All New York City school buildings will have a full-time nurse by the start of the school year, Mayor Bill de Blasio announced Thursday, addressing a longtime concern of educators and families.
With the coronavirus pandemic lingering, officials said they will hire 400 more full-time nurses for K-12 schools, seeking to fill vacancies at 359 school buildings with additional hires to cover absences and retirements.
As of the end of 2019, 116 school buildings and 137 schools serving about 70,000 students were without a full-time nurse, according to an estimate from the United Federation of Teachers, the union representing New York City public school teachers. But a union spokesperson said that analysis was conservative: It excluded pre-Ks, District 75 schools, which serve students with the most significant disabilities, schools with on-site health clinics, or charter schools, which can be co-located in buildings with district schools.
The city will hire another 100 nurses to cover 2,000 early childhood programs, as well as child care centers the city plans to open when the school year starts. Officials said these nurses will provide more broad “geographic” coverage of programs, “prioritizing the zip codes hardest hit by COVID-19,” according to a news release from City Hall. The education department will also contract with a tele-health nursing provider to create a hotline for all child care programs, which providers can call for medical-related questions.
Officials said these nurses will work full-time and will be staffed through contracts issued by the city’s Health and Hospitals system. Their salaries will come out of the hospital system’s budget. But these nurses will not remain in school buildings permanently — the hiring agreement will only span the upcoming school year, said Nathaniel Styer, a spokesperson for the education department.
“Health and Hospitals came to the rescue here,” de Blasio told reporters.
The mayor said he was confident the agency could hire the nurses with just a month before school starts, noting that the agency had quickly hired “thousands” of additional nurses this spring as New York became the brutal epicenter of a virus that has killed about 23,000 New Yorkers.
A spokesperson for Health and Hospitals did not respond to a question about how much the hiring of school nurses would cost.
Thursday’s announcement addressed just one concern of the unions representing teachers and principals, which have pushed back strongly on the city’s school reopening plans. In a statement, Chancellor Richard Carranza credited advocacy of parents and schools staff as why the city was addressing the nursing shortage.
Union leaders have asked for more specificity around health and safety measures, such as how contact tracing will work when a student or staffer tests positive for the coronavirus. They also want a guarantee that their schools will have all necessary personal protective equipment — the cost for which individual schools will not have to shoulder, the city has promised.
Both unions, which have been involved in the planning for reopening, are now asking the city to delay the start of in-person school, to give school leaders more planning time. After weeks of sharp statements against the city’s reopening plans, Thursday’s news drew a more conciliatory tone from the teachers union, or UFT.
“Parents and educators will be relieved, and the 70,000 students who have gone without will now have access to a medical professional if and when school buildings reopen,” said Michael Mulgrew, president of the United Federation of Teachers, in a statement.

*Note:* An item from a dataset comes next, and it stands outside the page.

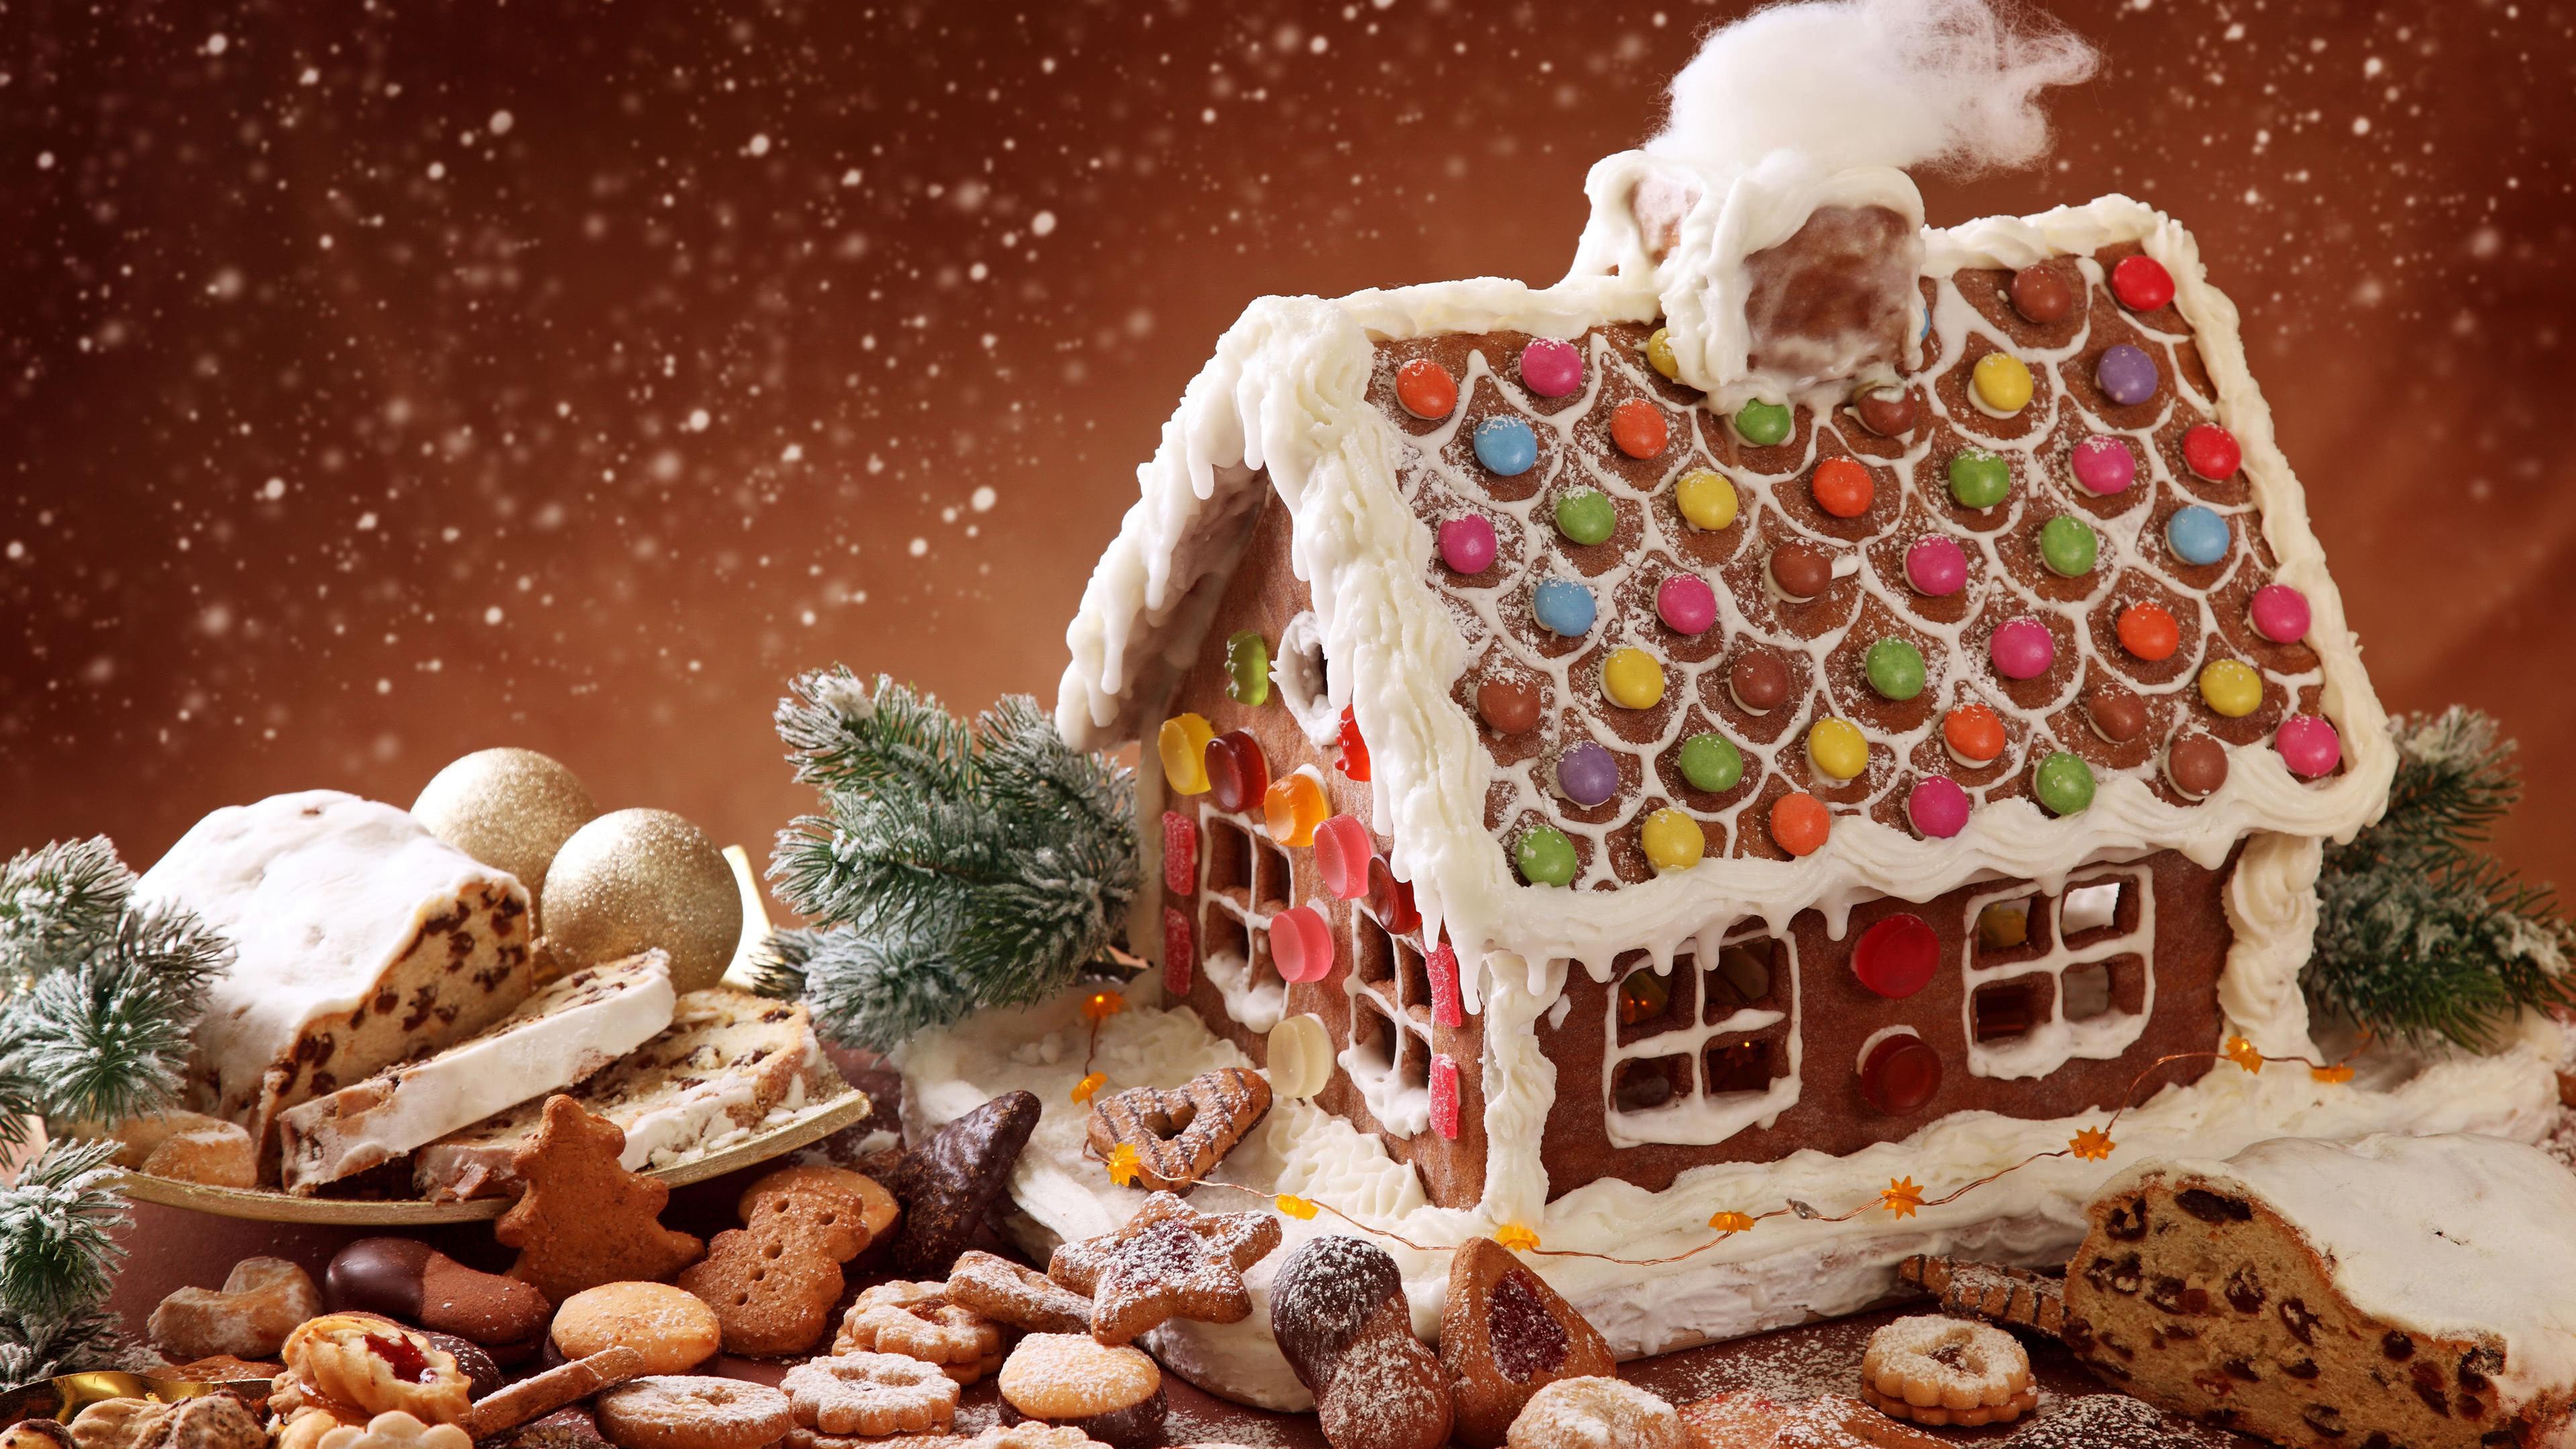 christmas gingerbread house uhd 4k wallpaper

But concerns over pay disparities, already an issue among school nurses, are likely to remain — an issue that Councilman Mark Treyger, chair of the council’s education committee, immediately raised after de Blasio’s announcement. School nurses are staffed by both the health and education departments; Health and Hospitals is its own agency. Those staffed by the education department are represented by the UFT and make between $10,000 and $20,000 more than their counterparts, according to one estimate reported by Gothamist. In 2018, a staff nurse represented by the UFT made between $64,418 and $70,513, depending on years of experience.
The city made a similar promise before schools closed in March, though the plan was only to hire 85 additional nurses. Styer, of the education department, said the city had issued an emergency contract for these nurses, who were deployed to buildings briefly before they closed.
Carranza indicated that school nurses’ role in buildings generally won’t change, as they will remain “the medical expert on campus.” The city is requiring schools to create an isolation room, where students experiencing virus symptoms will be placed while they wait for a parent or guardian to pick them up. But those rooms will not be monitored by nurses, but instead by a staff person in the building, who will be required to wear personal protective equipment to do so. (That person, Carranza said, can also staff the room by standing outside of it.)
He also noted that with this hiring plan, some buildings in the Community Schools program, which provide wrap-around services, will have more than one health professional. That’s because schools in that program may be partnered with a community-based organization that already staffs the building with a rotation of nurses and doctors.
However, the city has levied a $9 million cut to Community Schools, meaning some schools could decide to reduce spending on such contracts.